--- START ---
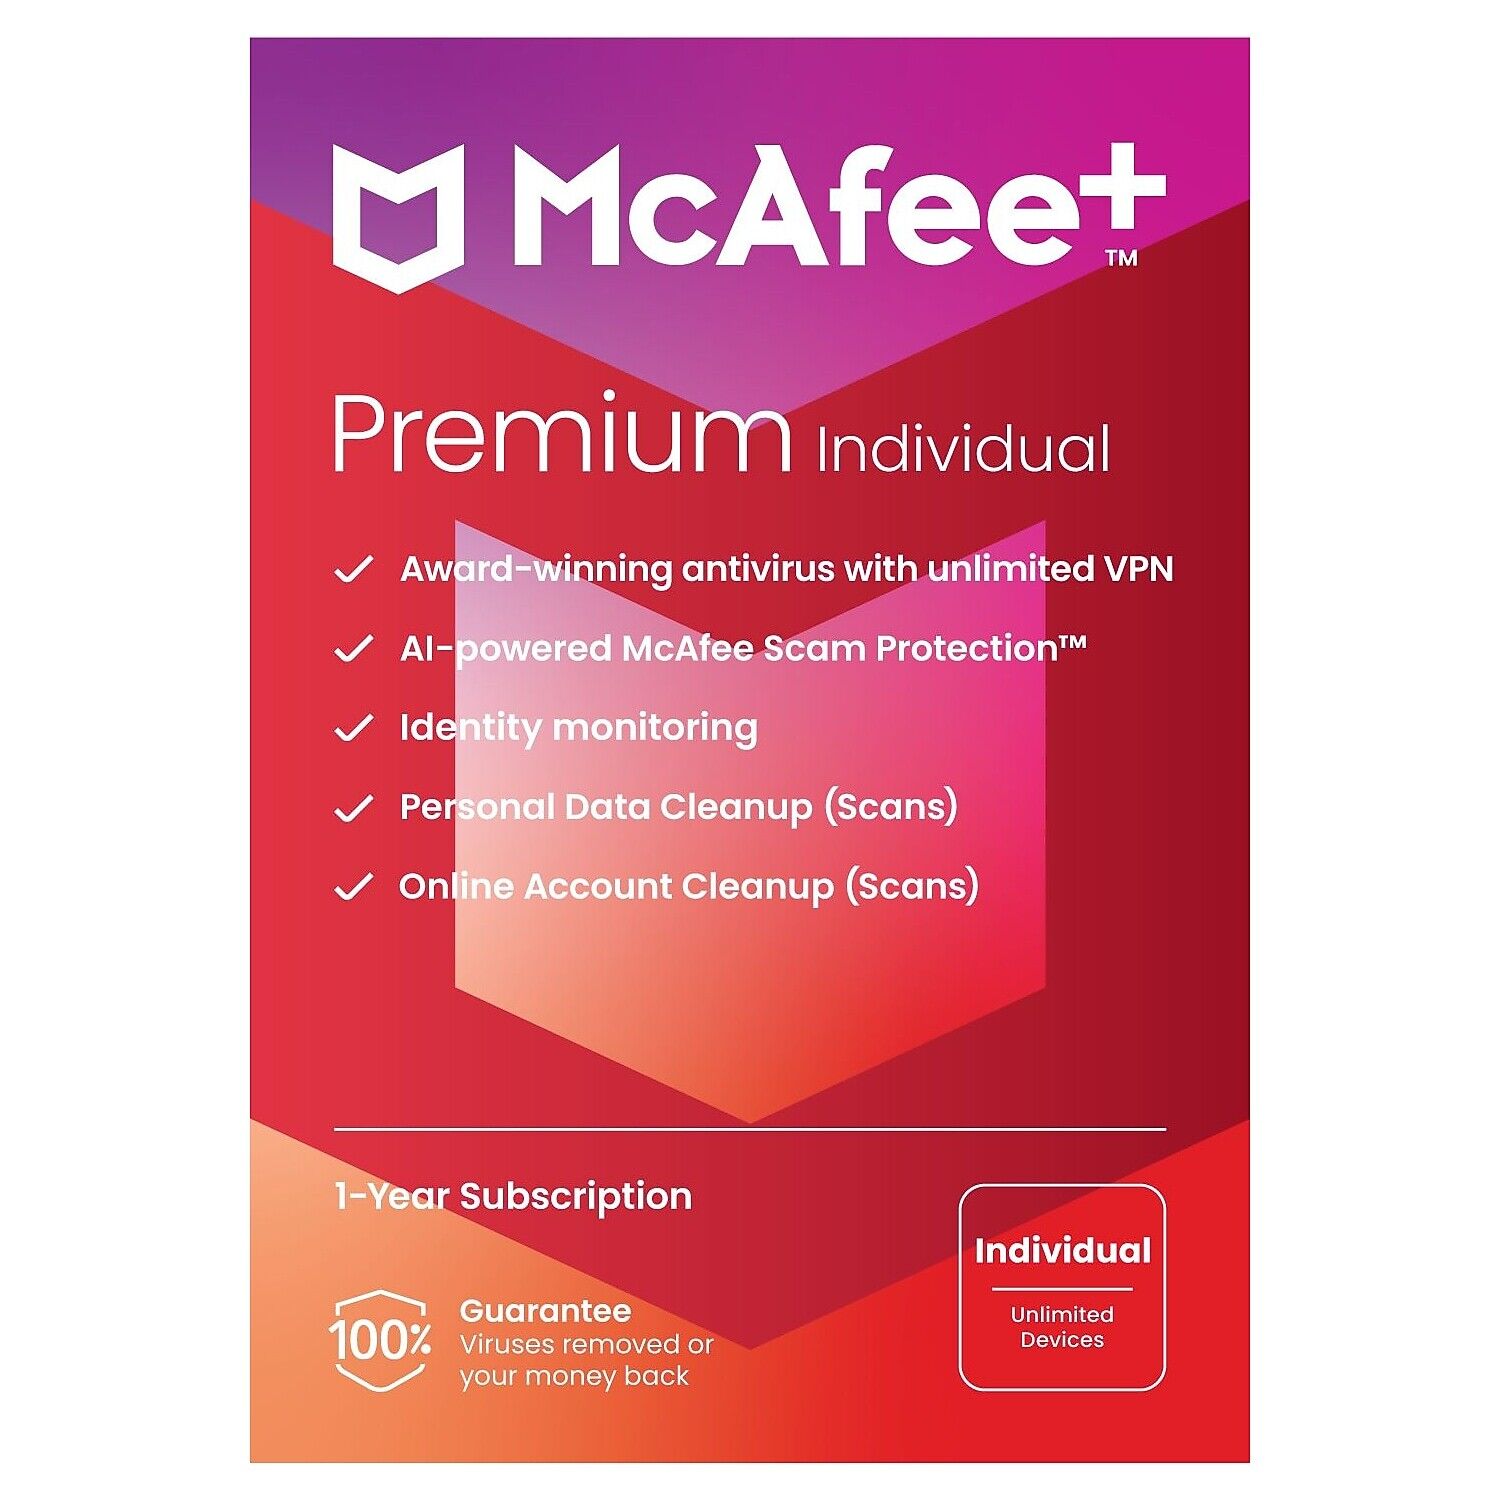 McAfee+ Premium Individual for Unlimited Users Windows/Mac/Android/iOS/ChromeOS
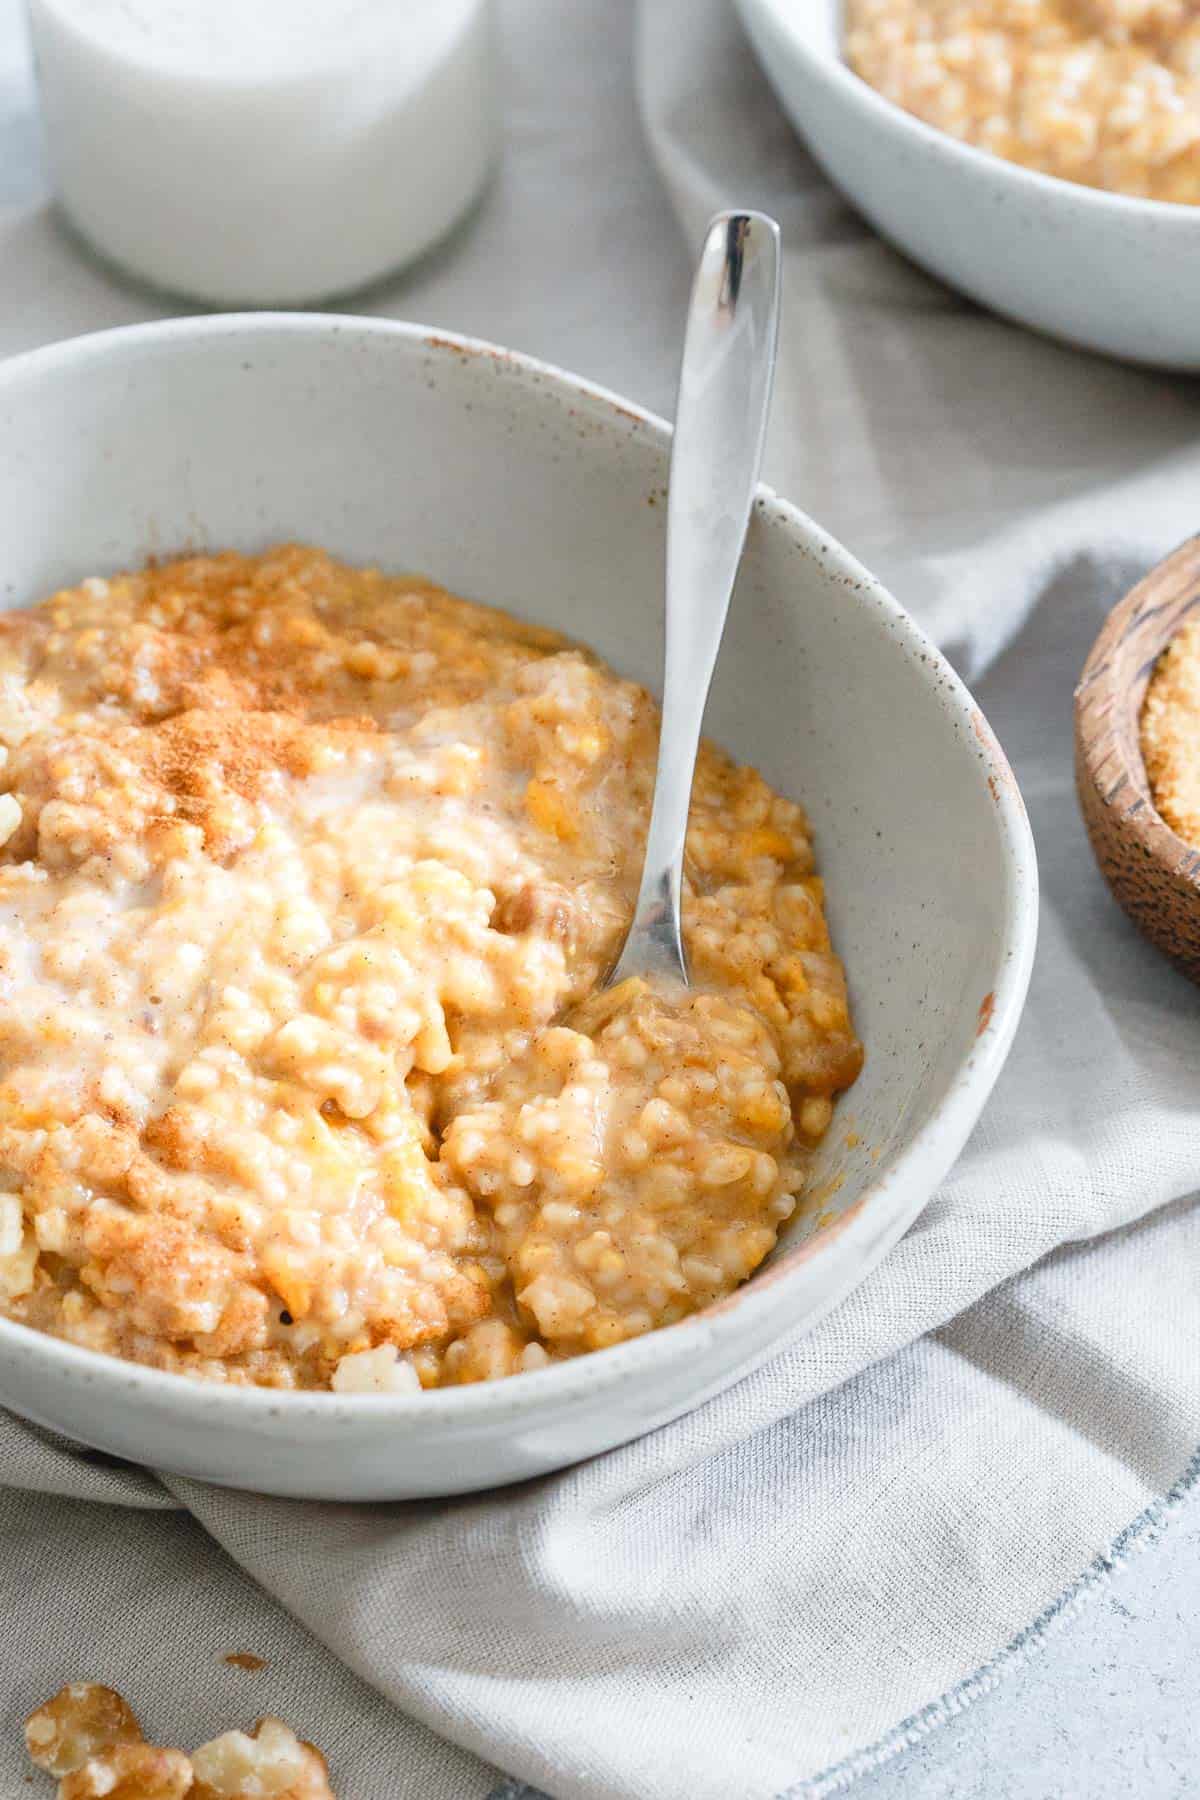 Start your day with this creamy bowl of sweet potato steel cut oats. Set the Instant Pot (or pressure cooker) up the night before and wake up to a bowl of this for breakfast!
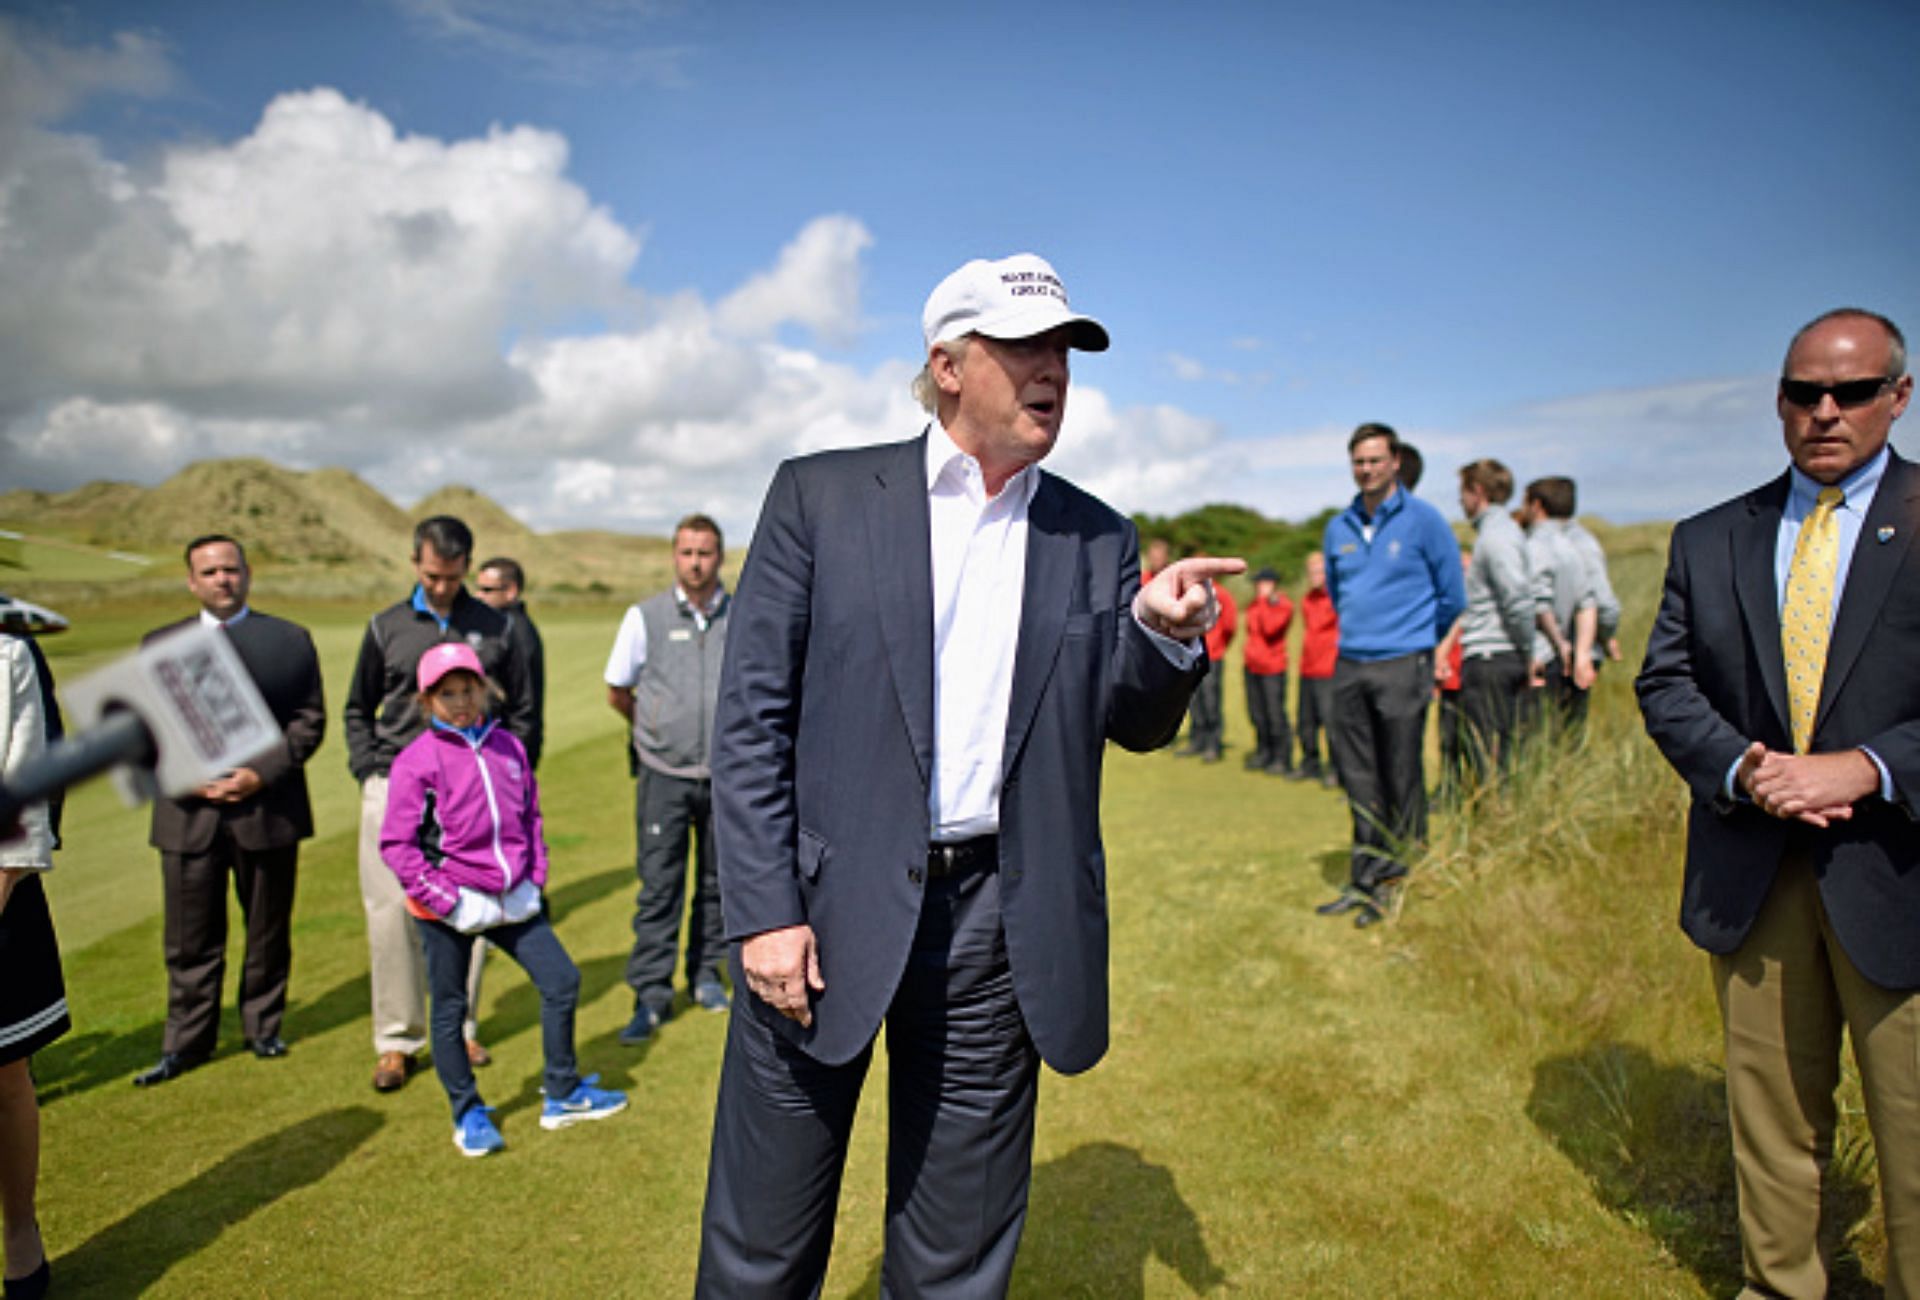 Donald Trump visiting Aberdeenshire golf course, 2016 (Image via Getty).
--- END ---
▶ **WHAT YOU WILL DO**: Give back the full listing exactly as written, only without its pictures.

▶ **TASK OUTPUT**:
 McAfee+ Premium Individual for Unlimited Users Windows/Mac/Android/iOS/ChromeOS
 Start your day with this creamy bowl of sweet potato steel cut oats. Set the Instant Pot (or pressure cooker) up the night before and wake up to a bowl of this for breakfast!
 Donald Trump visiting Aberdeenshire golf course, 2016 (Image via Getty).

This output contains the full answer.